The aim of this exploratory trial was to establish if the probiotic Bifidobacterium natren life start (NLS) strain strain may affect the clinical course and pathophysiological features of patients with untreated celiac disease (CD). Positive findings would be helpful in directing future studies.
Twenty-two adult patients having 2 positives CD-specific tests were enrolled. Patients were randomized to receive 2 capsules before meals for 3 weeks of either Bifidobacterium infantis natren life start strain super strain (Lifestart 2) (2×109 colony-forming units per capsule) (n=12) or placebo (n=10), whereas they also consumed at least 12 g of gluten/day. A biopsy at the end of the trial confirmed CD in all cases. The primary outcome was intestinal permeability changes. Secondary endpoints were changes in symptoms and the Gastrointestinal Symptom Rating Scale, and in immunologic indicators of inflammation.

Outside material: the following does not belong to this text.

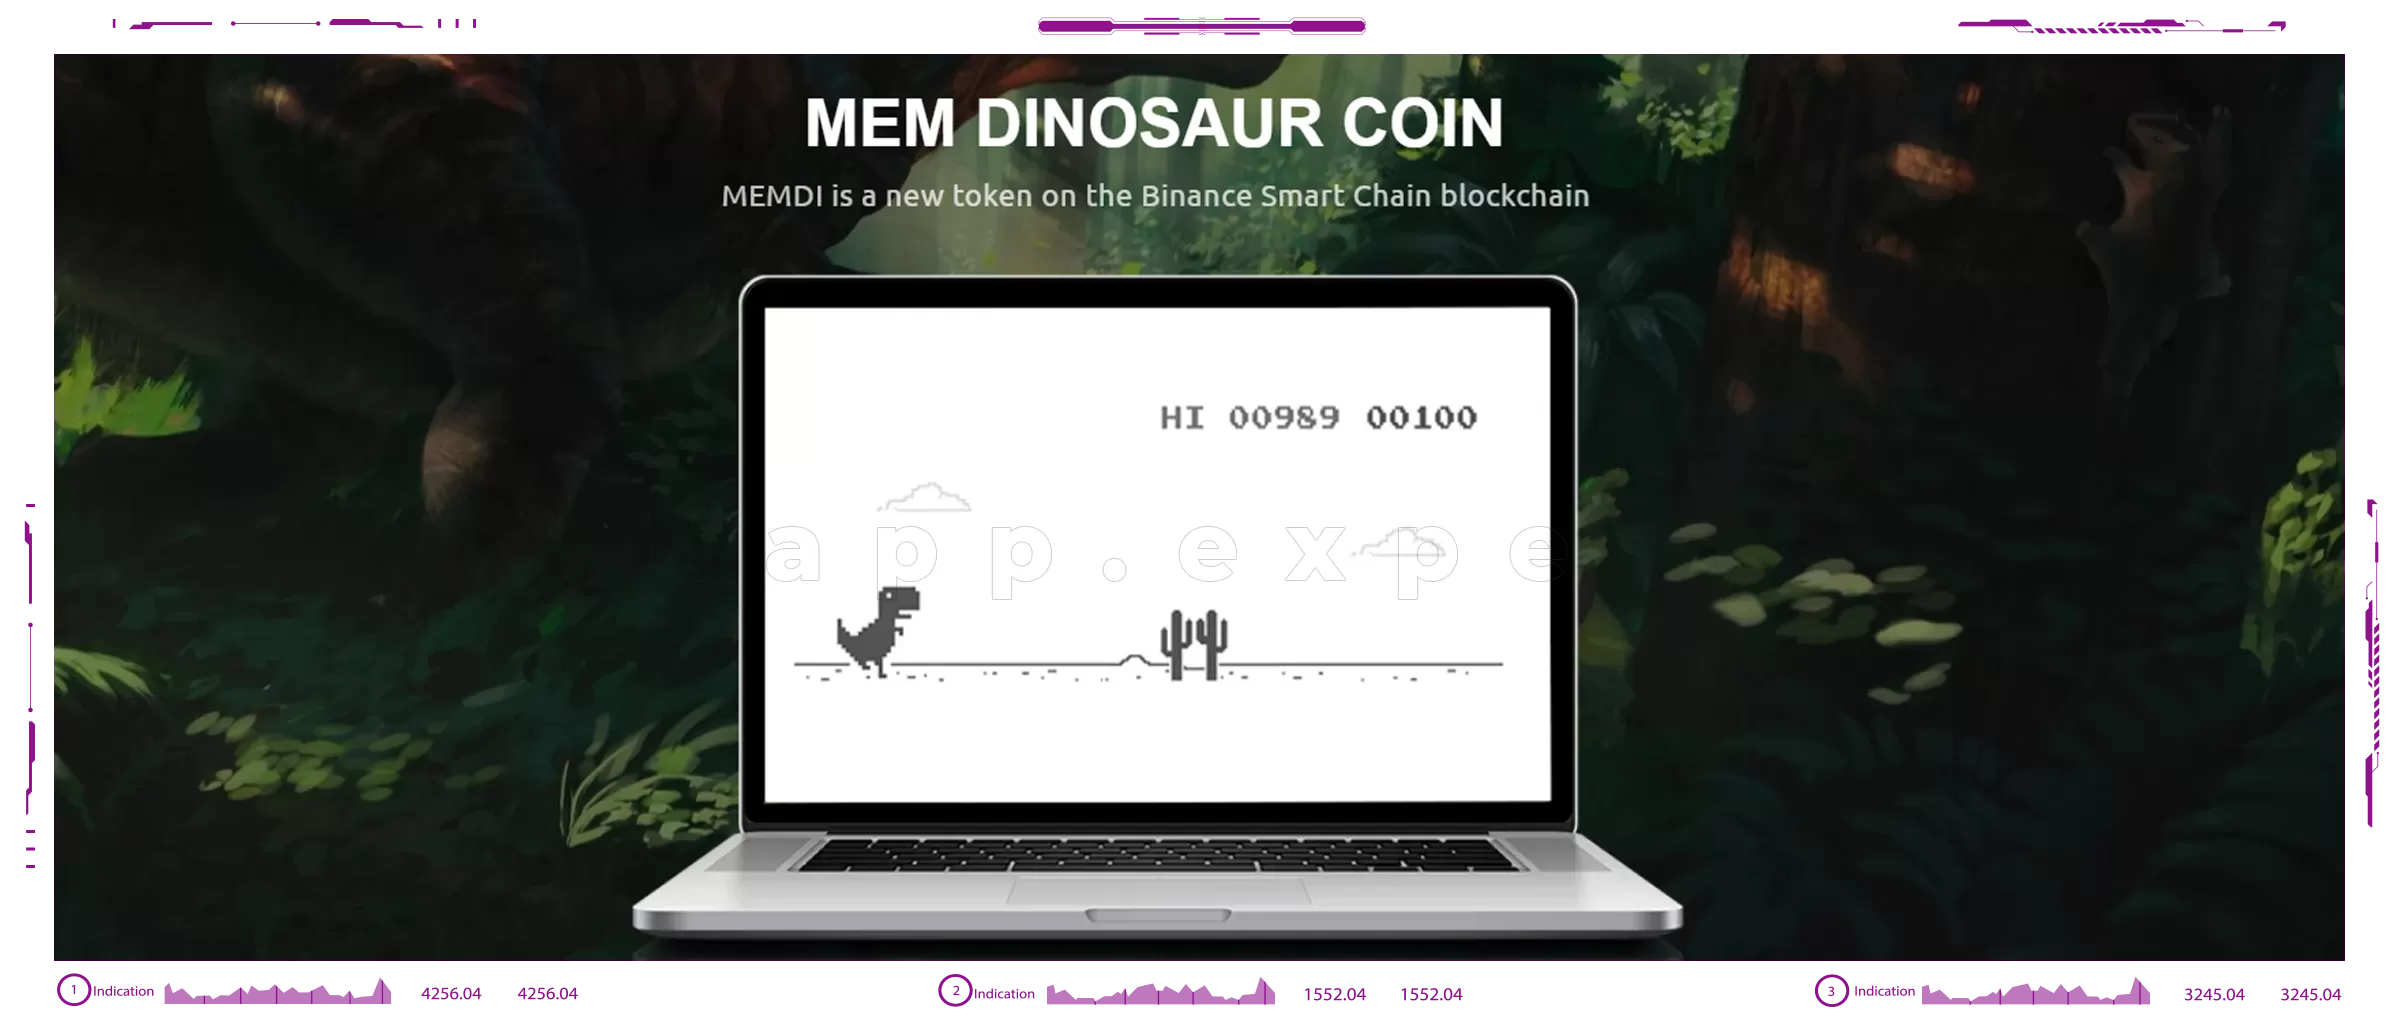 Mem Dinosaur Coin dapps
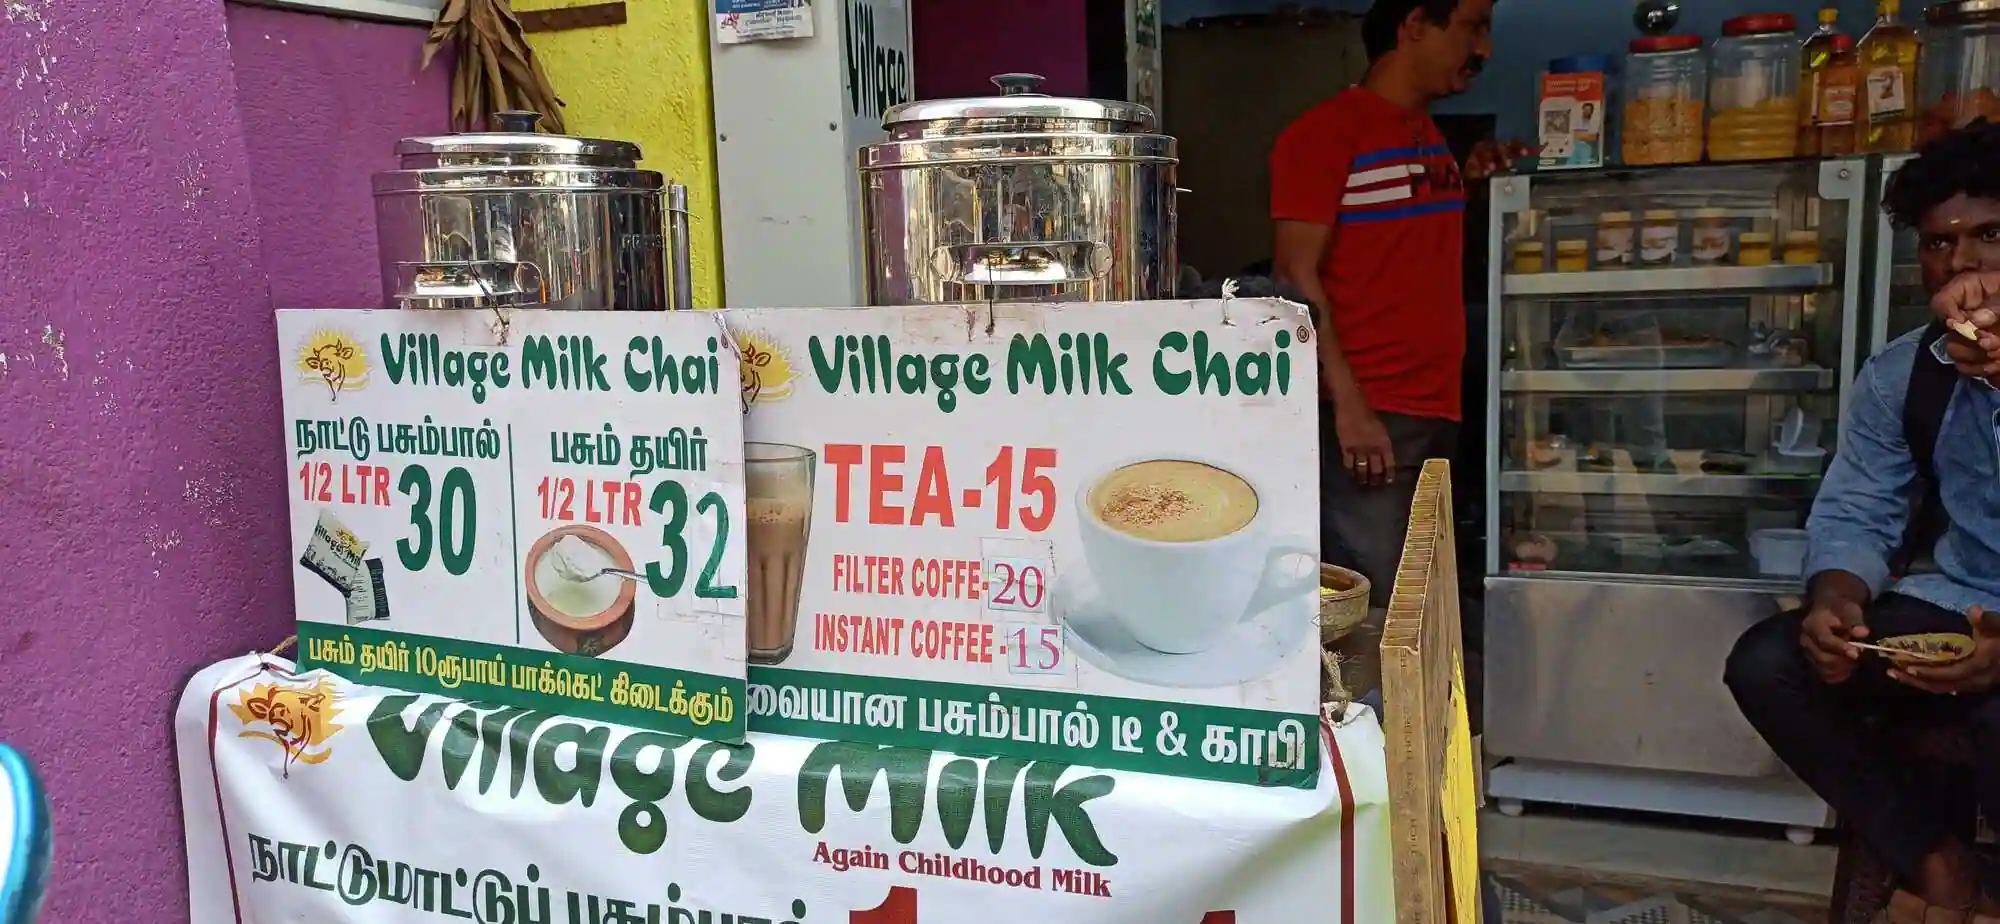 How to Get a Village Milk Chai Franchise? Cost, Profit, etc

The abnormal baseline intestinal permeability was not significantly affected by either treatment. In contrast to patients on placebo, those randomized to B. infantis experienced a significant improvement in Gastrointestinal Symptom Rating Scale (P=0.0035 for indigestion; P=0.0483 for constipation; P=0.0586 for reflux). Final/baseline IgA tTG and IgA DGP antibody concentration ratios were lower in the B. infantis arm (P=0.055 for IgA tTG and P=0.181 for IgA DGP). Final serum macrophage inflammatory protein-1β increased significantly (P<0.04) only in patients receiving B. infantis. The administration of B. infantis was safe.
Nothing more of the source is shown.